In fact, since the 2009 coup, the Honduran congress has made Hernandez’ supposed dream of opportunity for all Honduran children nearly impossible by the derogation of the only protections teachers and students had in the constitution—the Docent Statute. This statue regulated classroom size, salaries, and curriculum requirements. A push to privatize education and divert funds to bilingual charter schools means investing less on public education in working class communities. Many consider this an effort to break the teachers unions, historically the strongest in the country. Teachers pay is often late, are violently threatened if they strike (a right under labor law), and are often forced to have two or three other jobs to make ends meet. The attacks on teachers affect children in the classroom. A teacher shortage means two grades in one classroom, a lack of resources, and a lack of nutritious food for the nutrition break. Casa Alianza, a youth rights organization has demonstrated that in the Bajo Aguan, a region heavily repressed after the coup with over 70 murders of farmworkers, children face limited resources like books, pencils, desks and other educational resources. According to Casa Alianza’s report, in this region, the largest challenges come from violence and homicides.
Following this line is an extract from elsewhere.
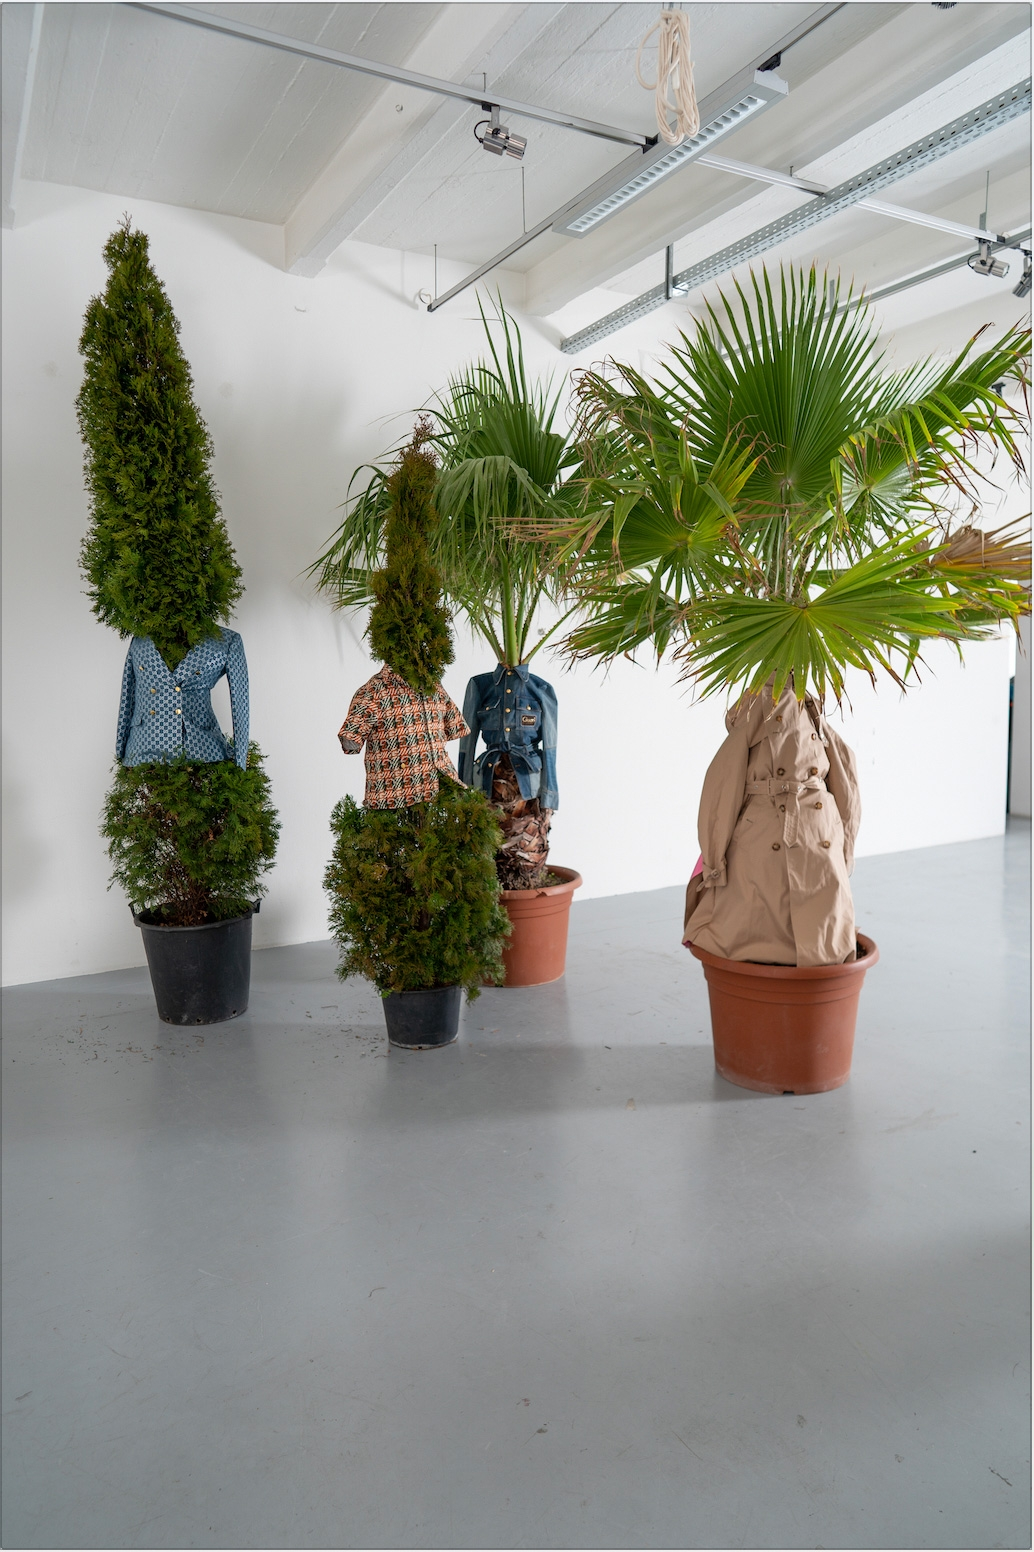 ERWIN WURM, One Minute Sculpture, 2020
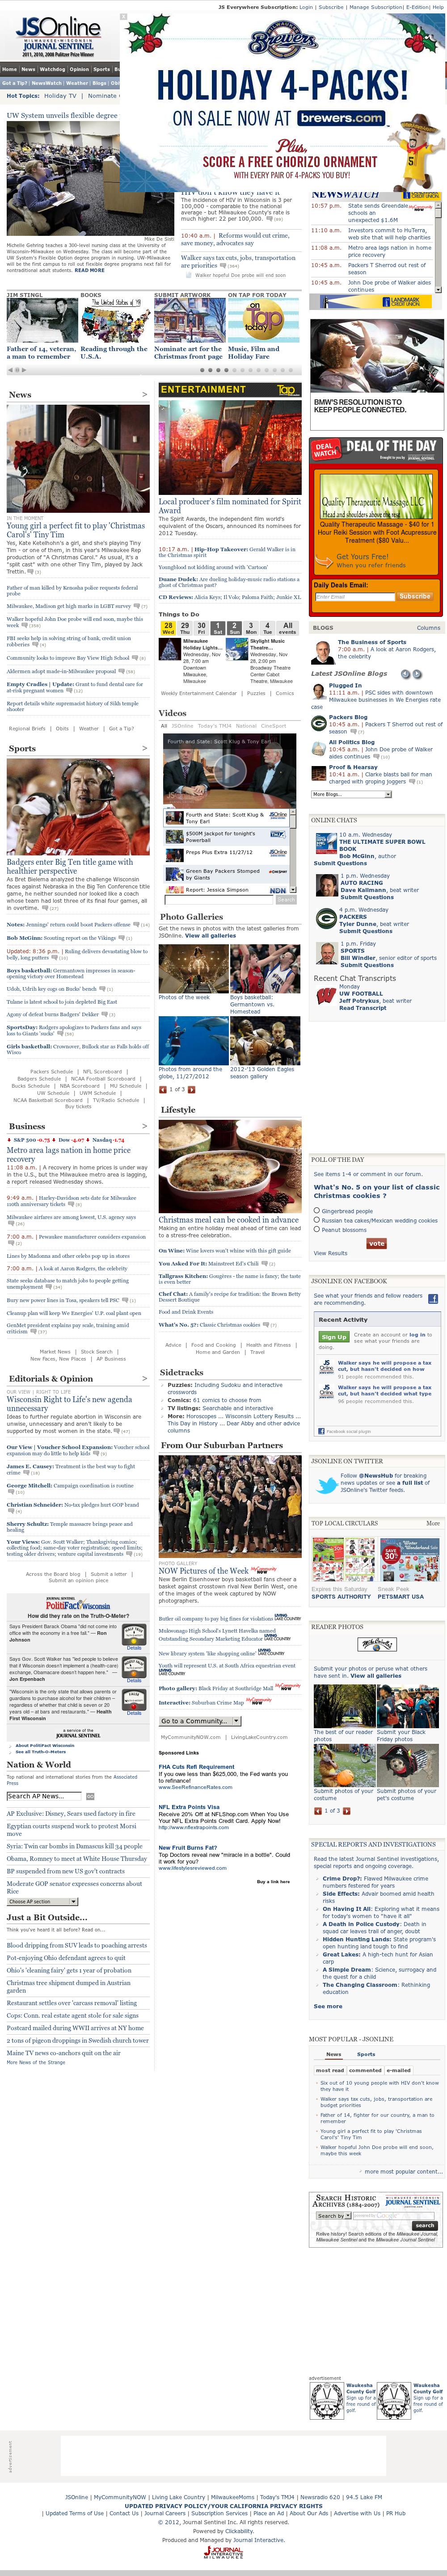 Milwaukee Journal Sentinel at Wednesday Nov. 28, 2012, 5:19 p.m. UTC

Many children in Honduras lack after school programs such as band and soccer or other sports, and often children are disengaged from the education process, because they have to work to help the family survive. With an education system in chaos and confidence in public education undermined by lack of government support, coupled with children who have to work to support their family anyway, many children are completely disengaged from any type of formal education after the 6th grade.
Global local economic dynamics are another factor, the Central American Free Trade Agreement, and other trade agreements with mining companies, have exacerbated poverty in the country by dispossessing people of their land and subsistence. These agreements have weakened labor laws and worker rights, and with this post coup government friendly attitude towards foreign companies, even national lands are up for sale. Laws that favor capital have given transnational companies an advantage and power to not respect labor law, oppose unions and challenge the very fabric of the Honduran working class family. When parents are not earning decent wages to afford the basic food basket, or school uniforms and supplies, children suffer.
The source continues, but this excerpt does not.